= Bryncethin =

Village in south Wales

Bryncethin (which means dark hill or dun hill) is a small village and electoral ward in the County Borough of Bridgend, South Wales, located just north of Junction 36 of the M4 Motorway and approximately 3 miles north of the county town of Bridgend. The population of the ward was 1,319 in 2011.

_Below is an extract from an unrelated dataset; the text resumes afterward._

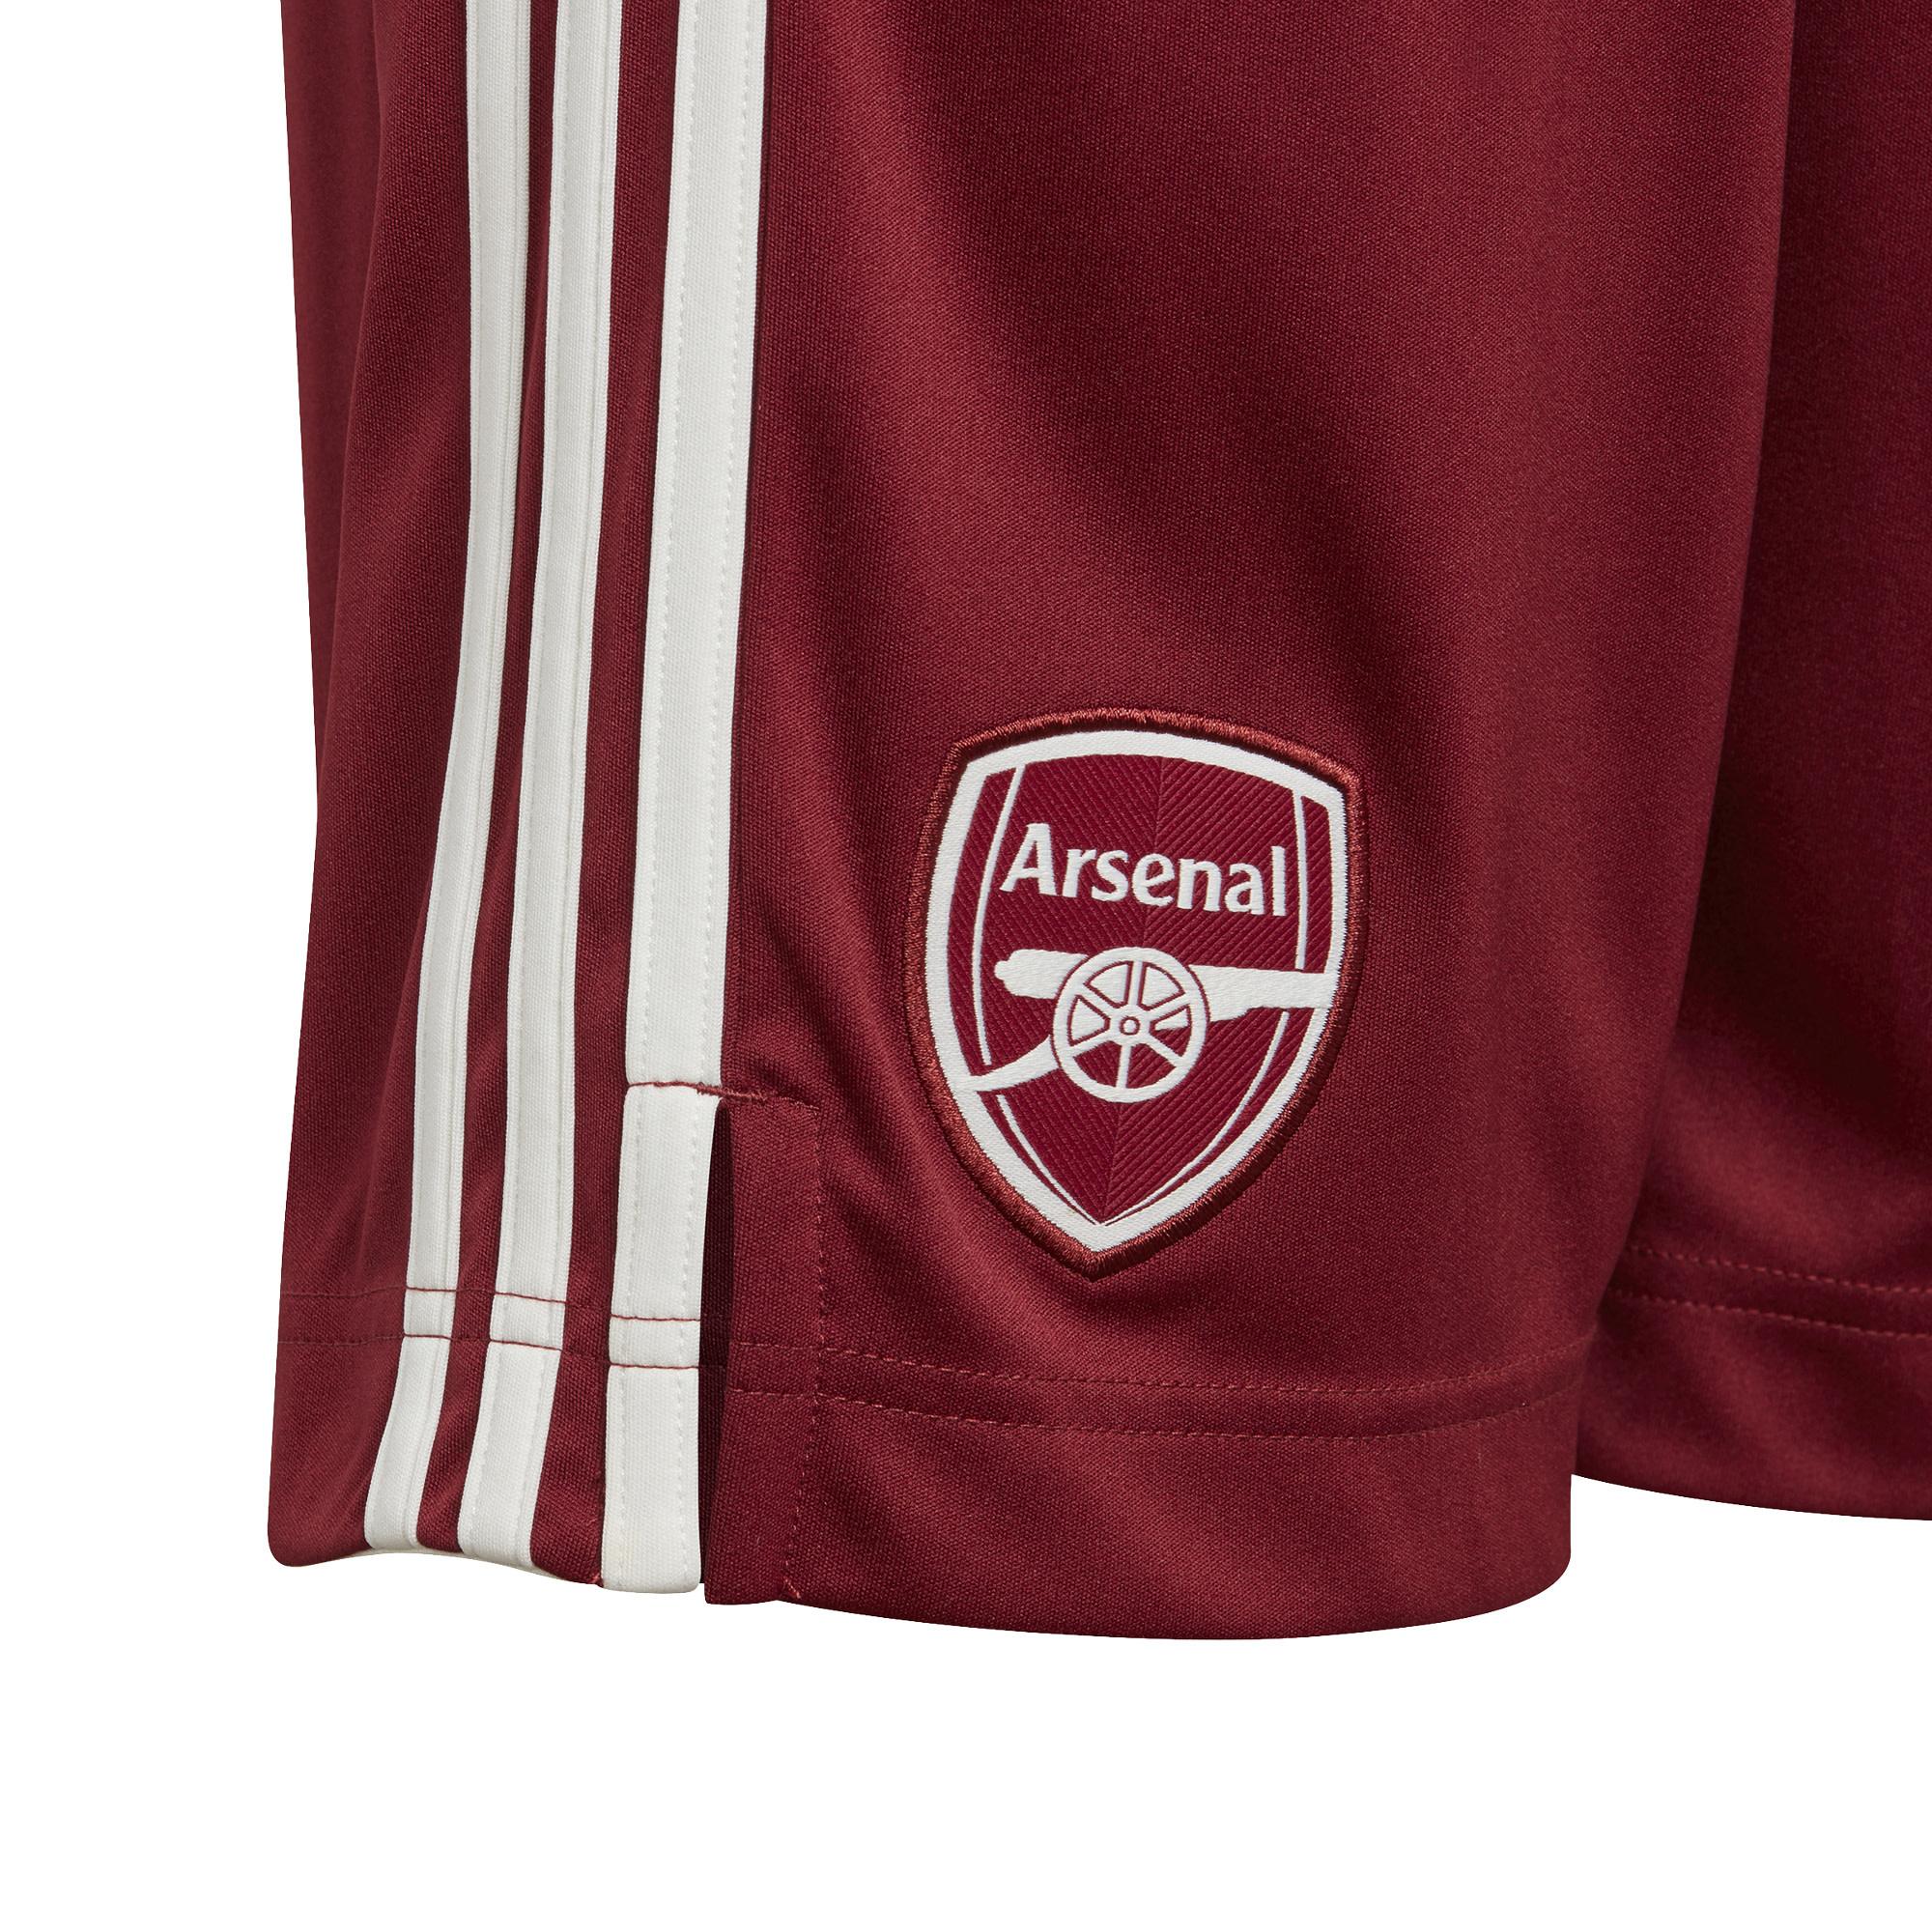 Adidas ADIDAS JR Arsenal Away Short '20-'21

Bryncethin is surrounded by the villages of Aberkenfig, Sarn, Tondu, Ynysawdre, and Abergarw, Brynmenyn the last of which stands at the confluence of the River Garw (Afon Garw) with the larger River Ogmore (Ogmore River).

==History==
The area was mainly farmland until its ample quantities of high quality clay and workable seams of steam coal led to the construction of a brickworks and the sinking of the Bryncethin Colliery by The Barrow-in Furness Iron and Coal Company. This led to an increase in the population of the village and to the construction of housing for the workforce. Both industries are now long gone and much effort is being made to provide recreational facilities on the site of the former colliery and clay pits.

==Governance==
At the local level Bryncethin is a community ward to St Bride's Minor Community Council, electing two of the thirteen community councillors.

Bryncethin is also a ward electing a county councillor to Bridgend County Borough Council. Since 1999 the ward was represented by the Labour Party.

==Education==
There is a large primary school, Bryncethin Primary, and a community college (comprehensive school), Coleg Cymunedol Y Dderwen, which operates on two sites, one of which is in Bryncethin. There is also a small nursery called Cylch Meithryn Bryncethin.

==Sport and leisure==
Bryncethin is home to Bryncethin RFC, a rugby union club formed in 1890.